Il y a plusieurs facteurs, qui diffèrent d’une chanson à l’autre, et le résultat peut par conséquent être différent. Si on revient dans le passé et qu’on prend « Waiting For The Night », par exemple, j’ai toujours pensé que cette chanson dans sa forme originale… Évidemment, elle est cool, mais je me disais qu’il y avait une plus grosse chanson là-dessous. Dans l’original, c’est diffus, vague, sous-jacent. Les accords sont tout juste suggérés, et le chant laisse penser qu’on peut construire quelque chose de plus imposant autour de ça. Quand j’ai fait la reprise avec Dave Grohl, il m’a demandé : « Est-ce qu’on peut en faire une version très lente à la Trouble ? » Je lui ai dit : « Oui, ça me semble cool. » Et bien sûr, en travaillant avec Dave Grohl, ça paraissait une bonne idée sur le moment. Au final, nous nous sommes dit que c’était trop lent, trop heavy et trop long. C’était une bonne idée, mais le résultat n’était pas très probant.

« J’ai toujours eu une oreille tournée vers la pop ; je ne suis pas exactement impressionné par ce que j’entends aujourd’hui, mais dans ma vie, j’ai toujours écouté la radio et aimé beaucoup de ce que j’entendais, surtout les super hits des années 80. C’est totalement mon rayon. »

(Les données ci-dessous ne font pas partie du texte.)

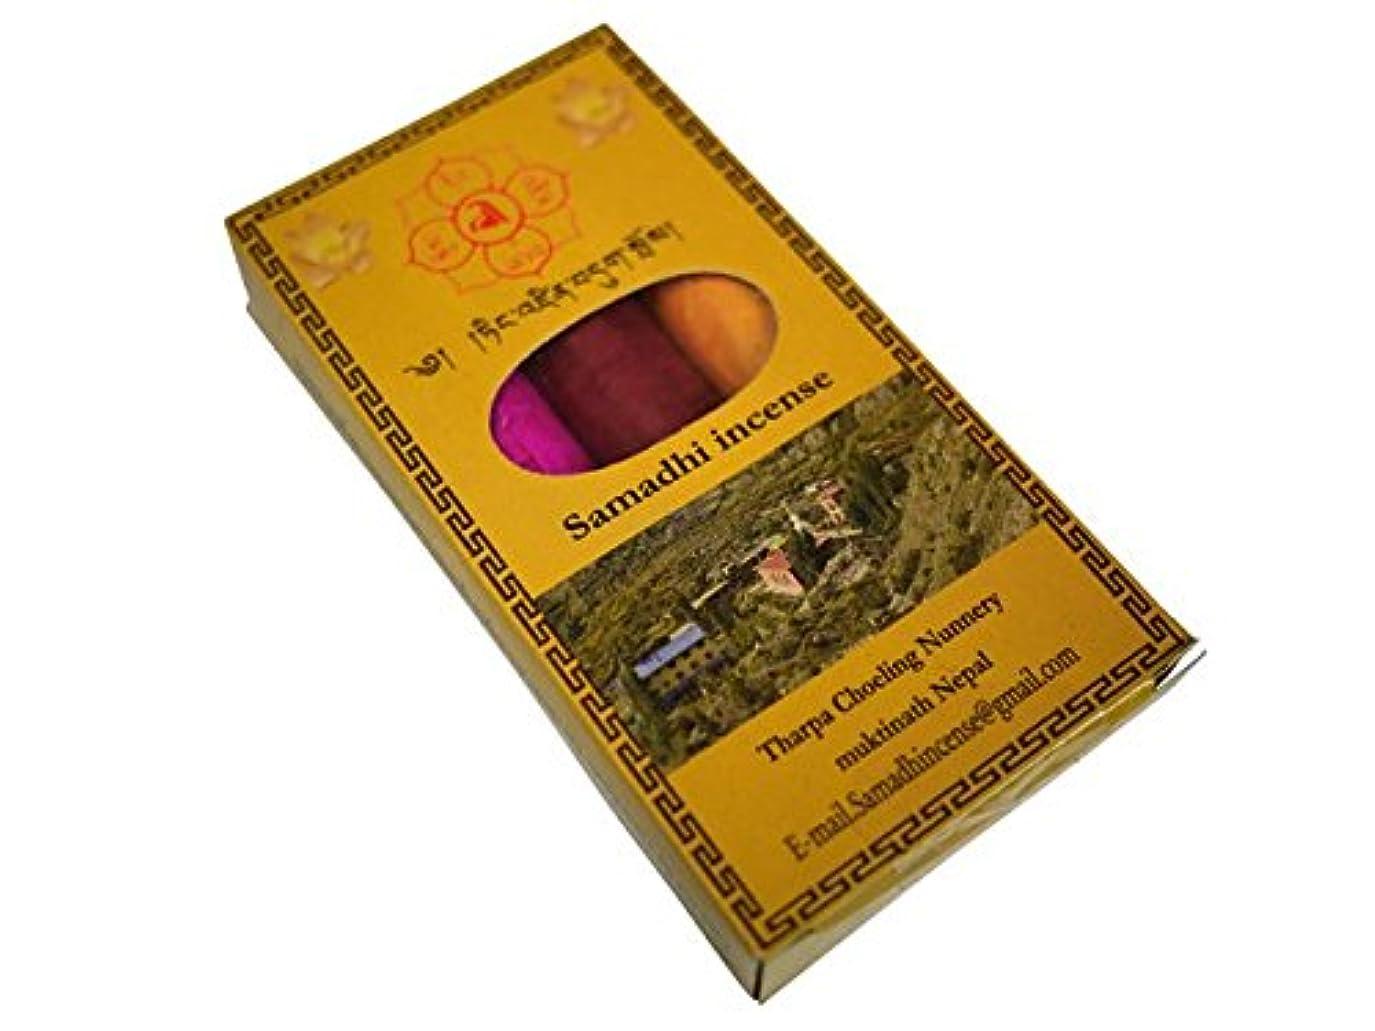 九時四十五分共和党民兵タルパチョリンナニー チベット仏教寺院タルパチョリンナニーのお香【Samadhi3in1】

« Enter Sandman » et « Phantom Of The Opera » ont été conçues de deux façons différentes. Si quelqu’un m’avait demandé de participer à un tribute de Metallica, j’aurais accepté, mais je n’aurais jamais choisi « Enter Sandman », de la même façon que peu de gens choisiraient « Paranoid » ou « Smoke On The Water ». Tu essaies automatiquement de ne pas choisir le plus gros hit. Mais dans ce cas précis, c’est la télévision suédoise qui m’a demandé de jouer. C’était pour un prix musical, et on m’a dit : « Puisque Ghost et Metallica sont proches, vous êtes vus comme étant amis, alors vous devriez ouvrir le show. Et on veut que vous jouiez leur plus gros titre, ‘Enter Sandman’. » J’ai demandé : « Est-ce que j’ai le choix ? » Et eux m’ont répondu : « Pas vraiment ! On veut que vous le fassiez, sinon il faut qu’on repense l’ensemble du spectacle. Vous pourriez y réfléchir ? » OK, je vais y penser et voir ce que je peux faire. Du coup, j’ai commencé à jouer la chanson et à voir ce que je pouvais en tirer. J’ai alors eu l’idée de prendre la mélodie vocale et… La structure originale de la chanson est très simple, et la mélodie, comme « Waiting For The Night », suggère des accords qu’ils ne jouent pas. Tout ce que j’avais à faire, c’était voir quel accord suggérait la mélodie et combler les trous. Je me suis retrouvé avec un arrangement de cinq minutes. Si je chantonne la mélodie avec une guitare, voilà quels accords elle me suggère. C’est la version un peu scolaire de ce titre. J’en étais à l’étape où j’avais une version complètement différente de la chanson, et je l’ai enregistrée en me disant : « Putain, j’espère tellement que James ne va pas détester… » Parce que je ne veux pas décevoir qui que ce soit. C’est censé être un hommage. Ma version était pensée comme : « Vous avez tout mon amour, les gars, mais on m’a obligé à faire ça ! » Et finalement, le résultat était super.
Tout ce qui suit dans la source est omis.